**Aim of the task:** The whole listing is to be given again without alteration, except that its pictures are dropped.

**Input data:**
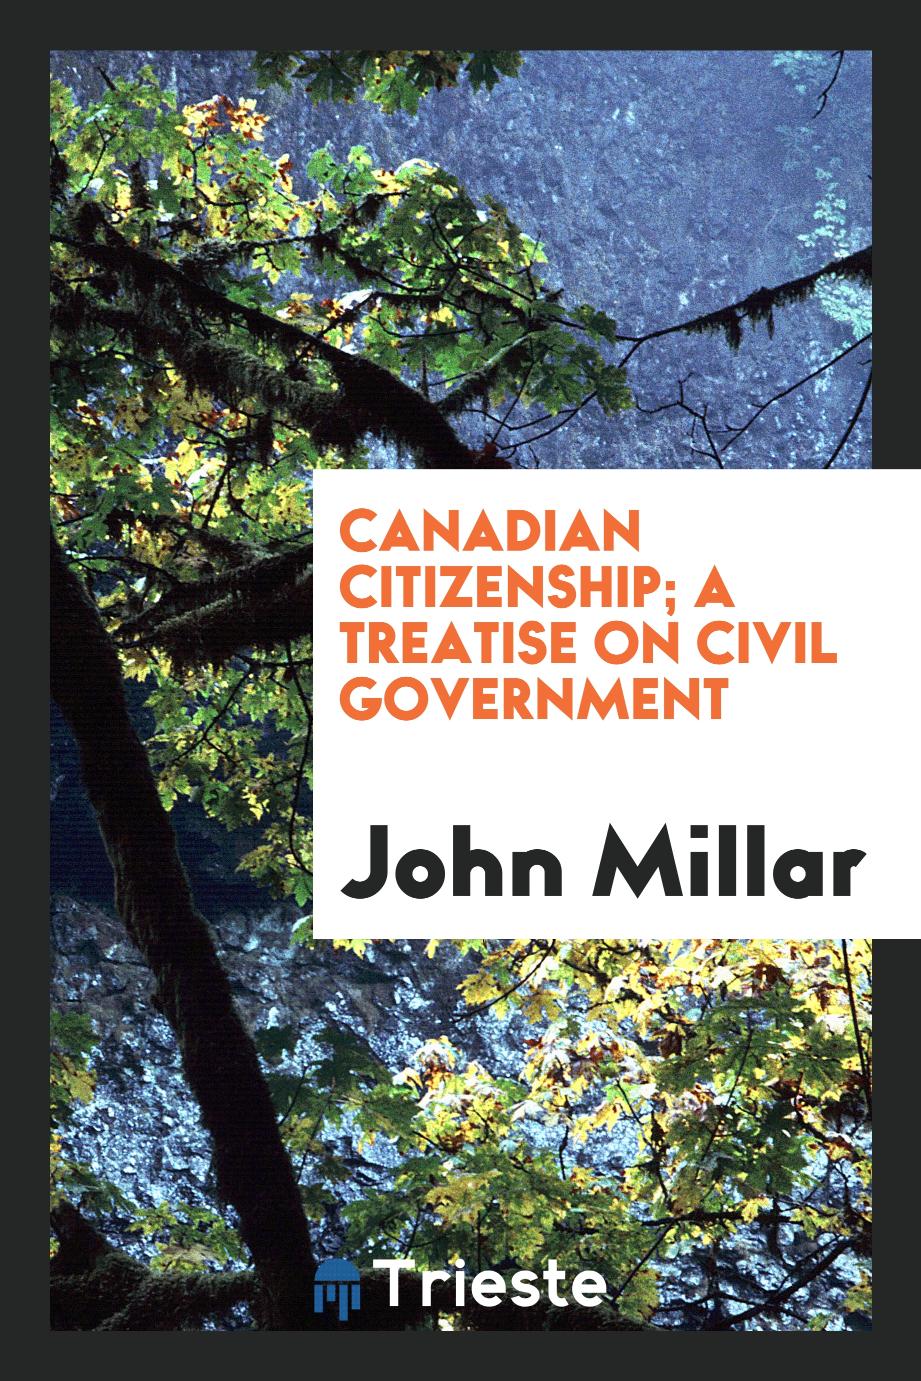 Canadian citizenship; a treatise on civil government
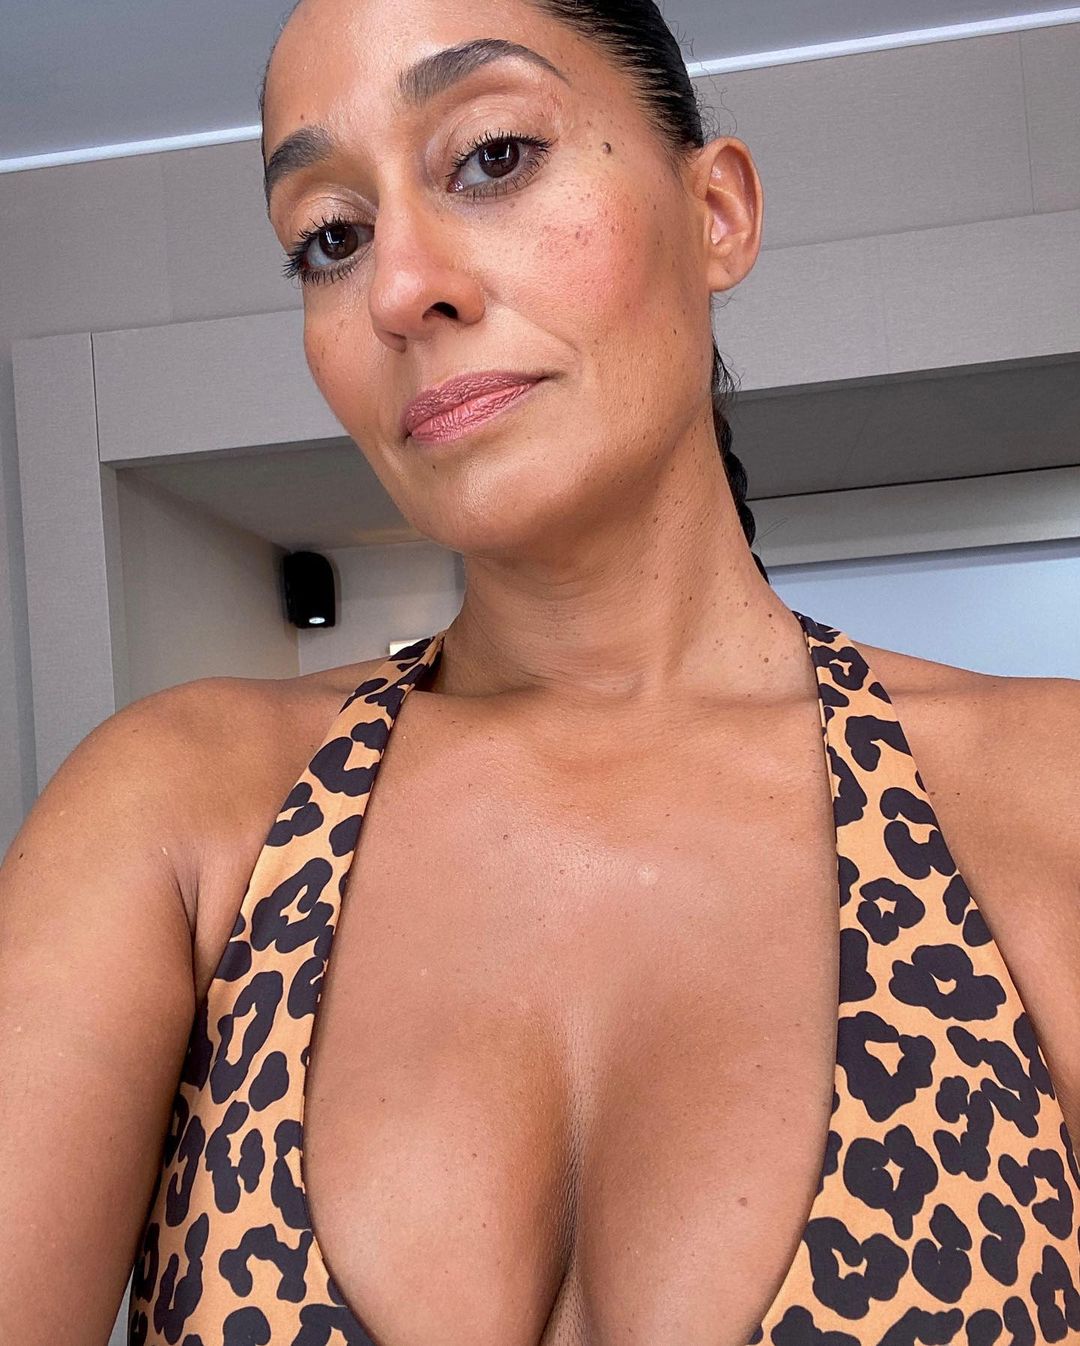 Photos n ° 1 : Tracee Ellis Ross Thirst Trapping Now and Then! 
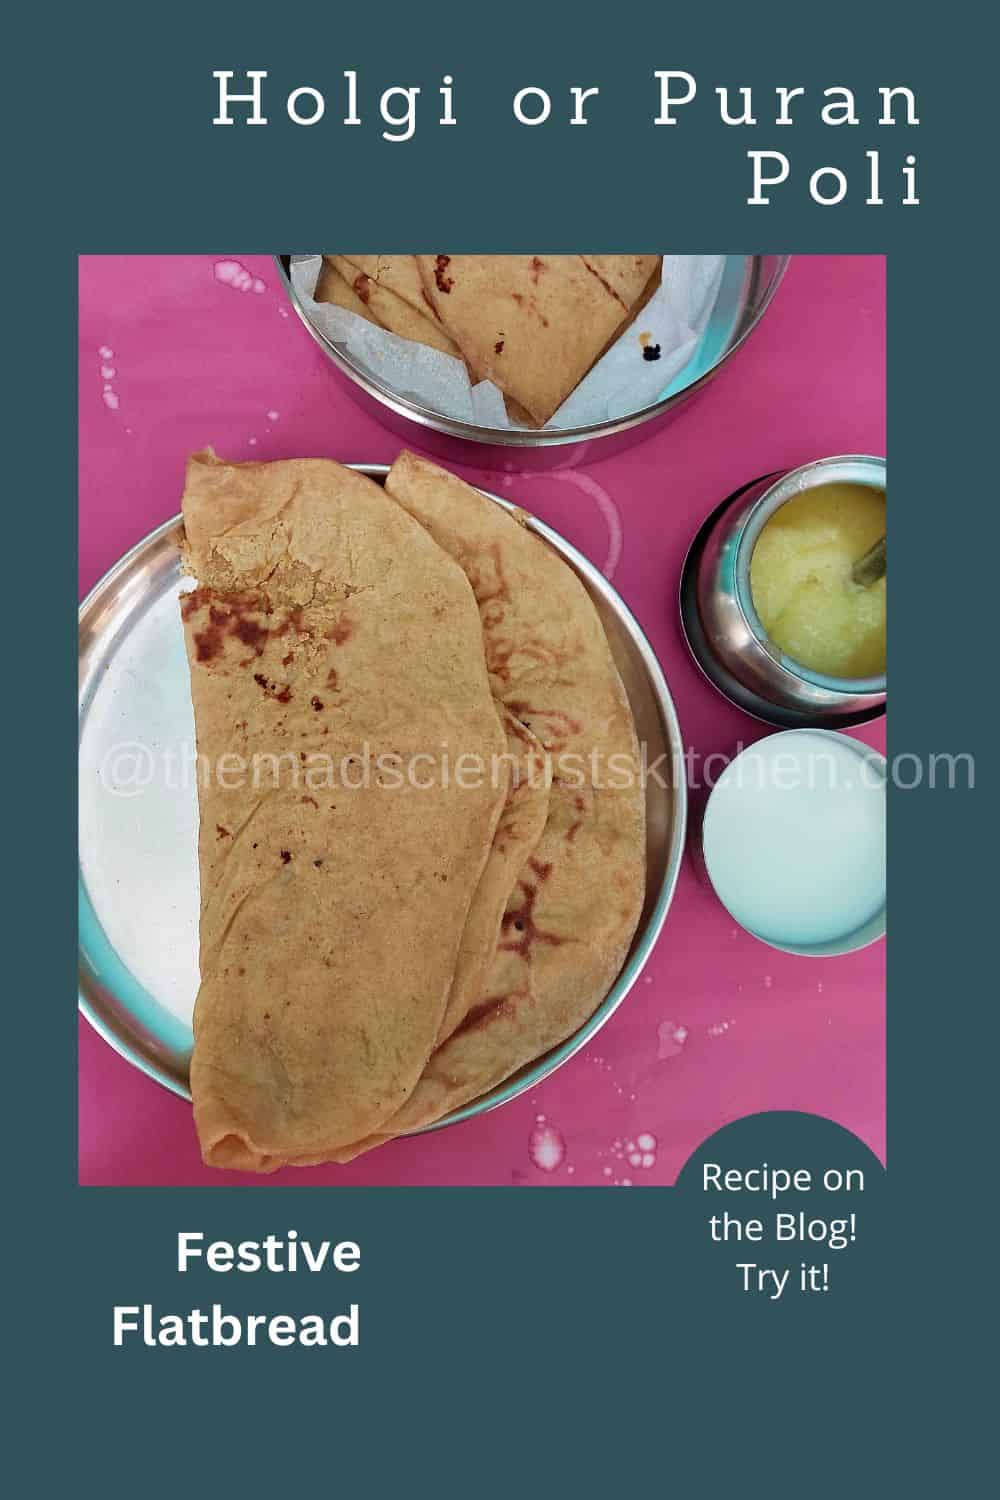 Made Holige or Puran poli for Holi this year.
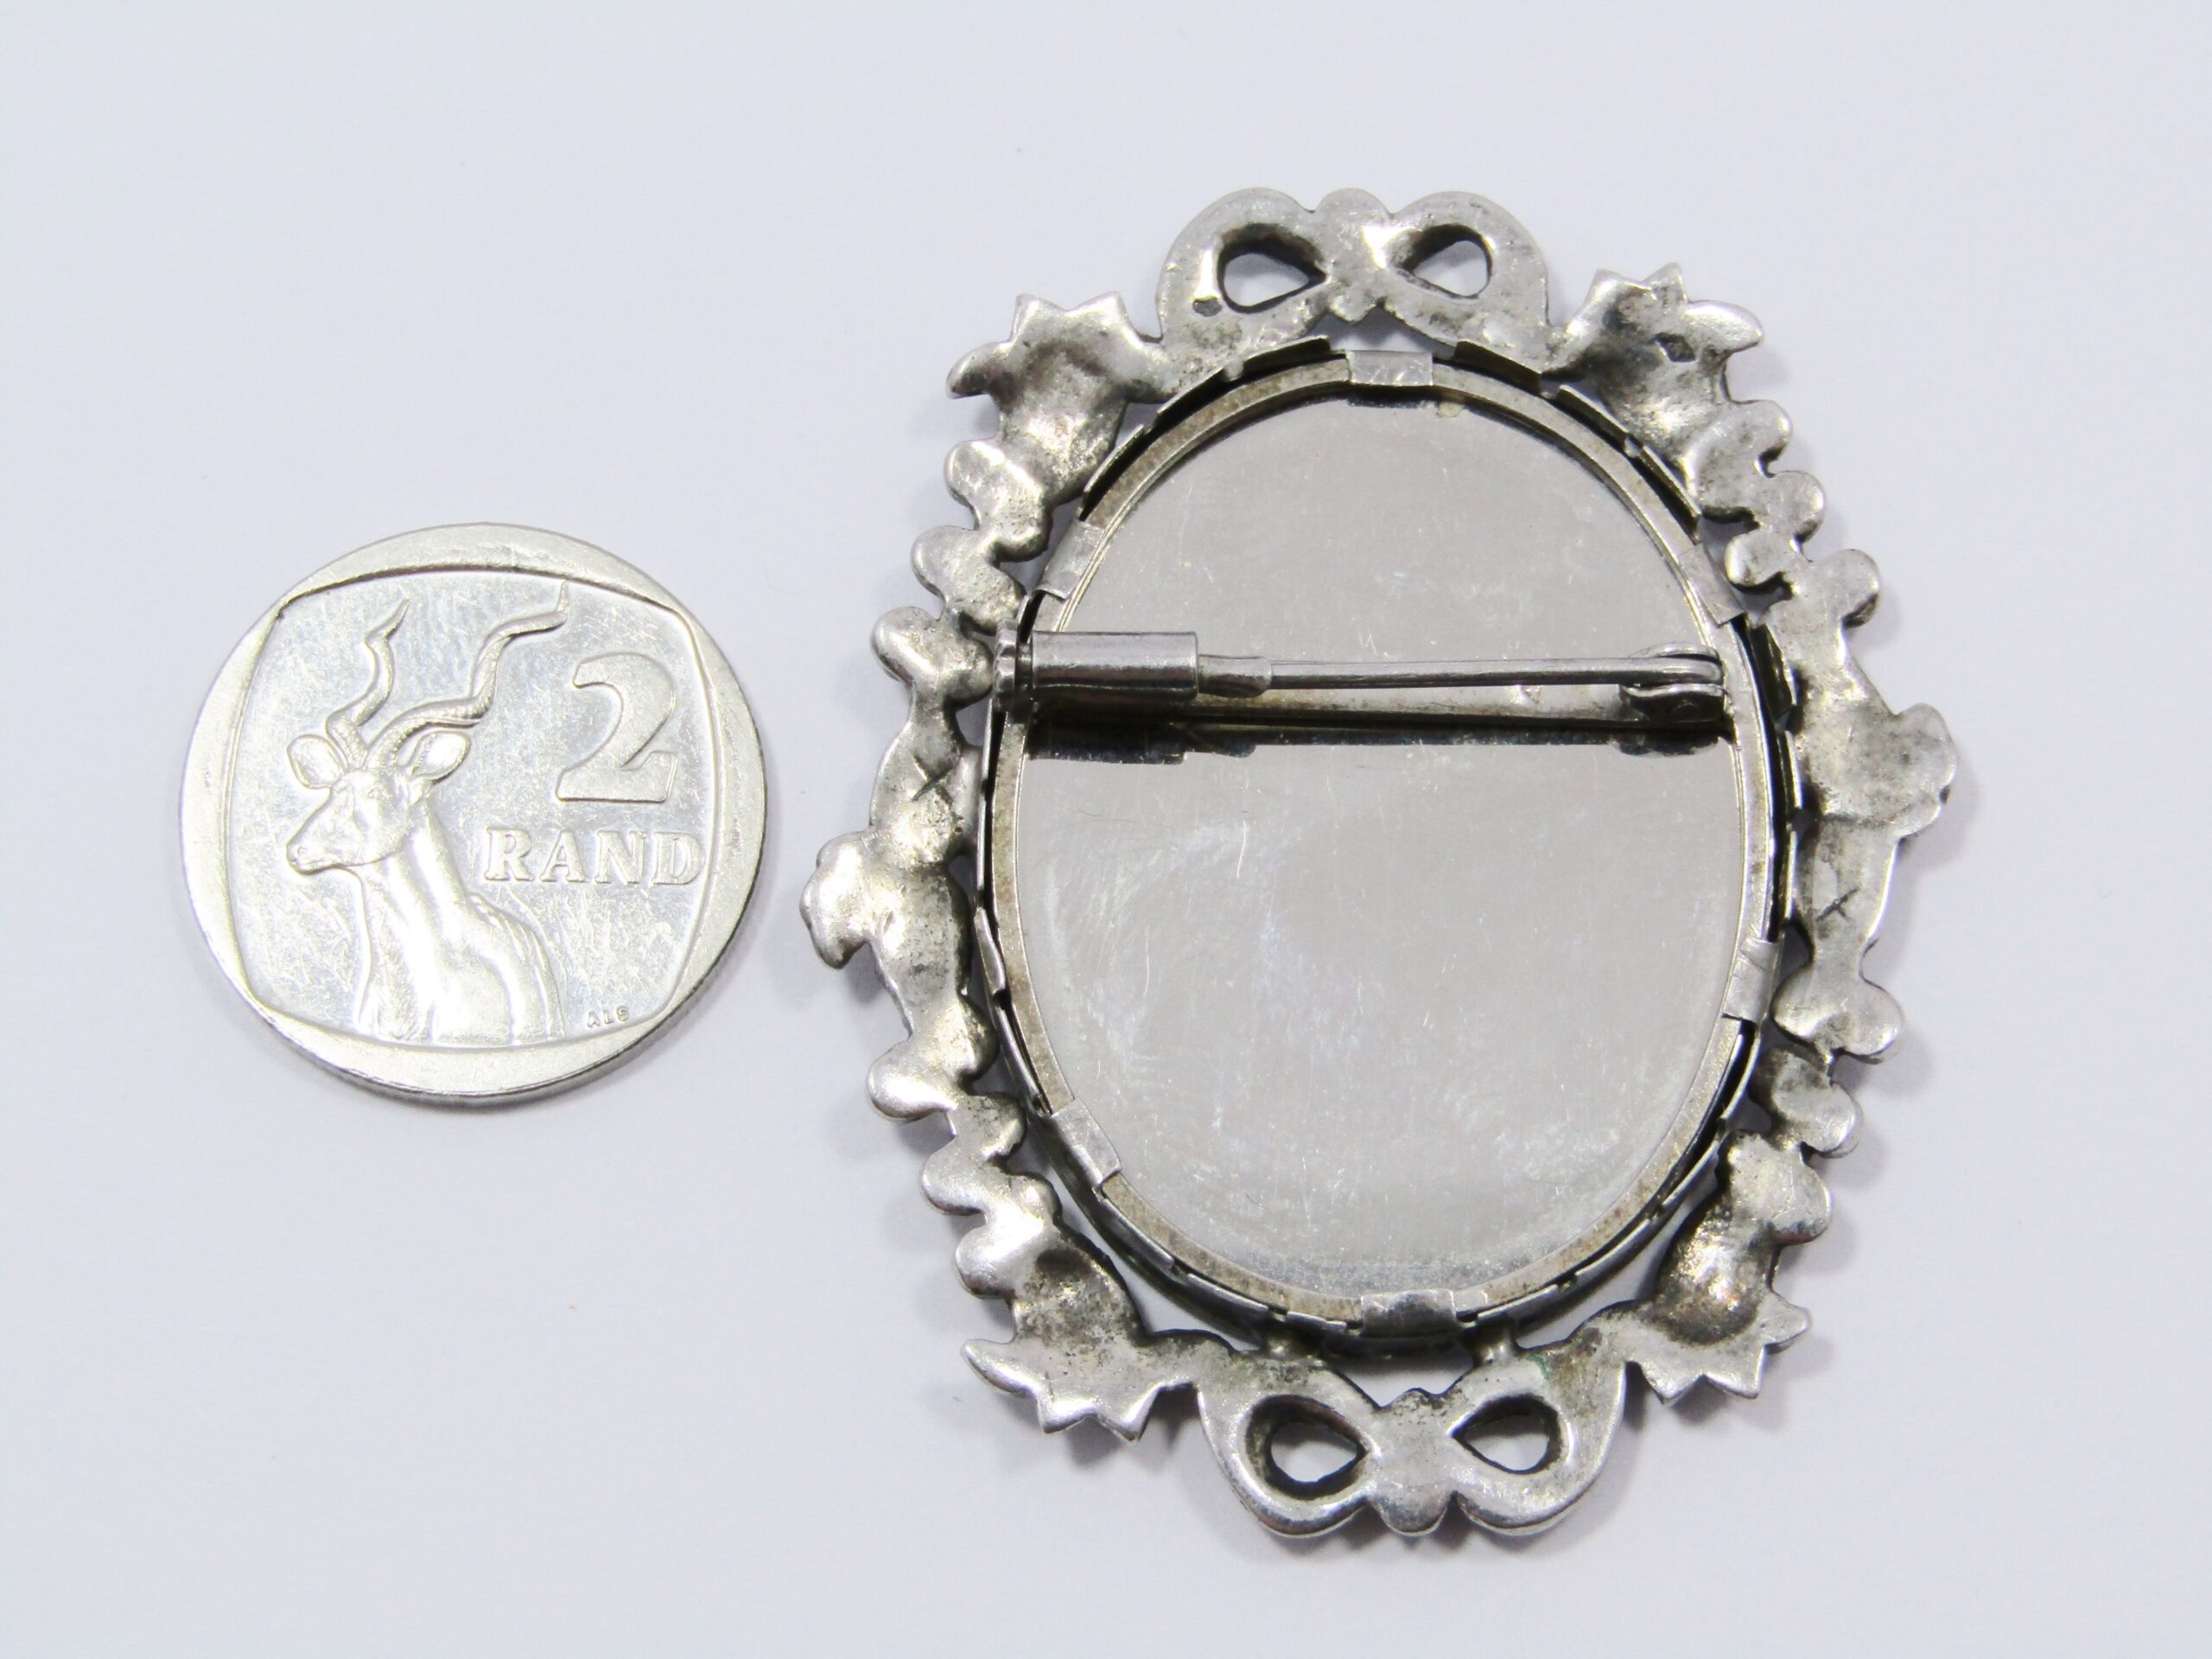 A Gorgeous Hand Painted Vintage Design Self Portrait Brooch In Silver

**Response:**
 Canadian citizenship; a treatise on civil government
 Photos n ° 1 : Tracee Ellis Ross Thirst Trapping Now and Then! 
 Made Holige or Puran poli for Holi this year.
 A Gorgeous Hand Painted Vintage Design Self Portrait Brooch In Silver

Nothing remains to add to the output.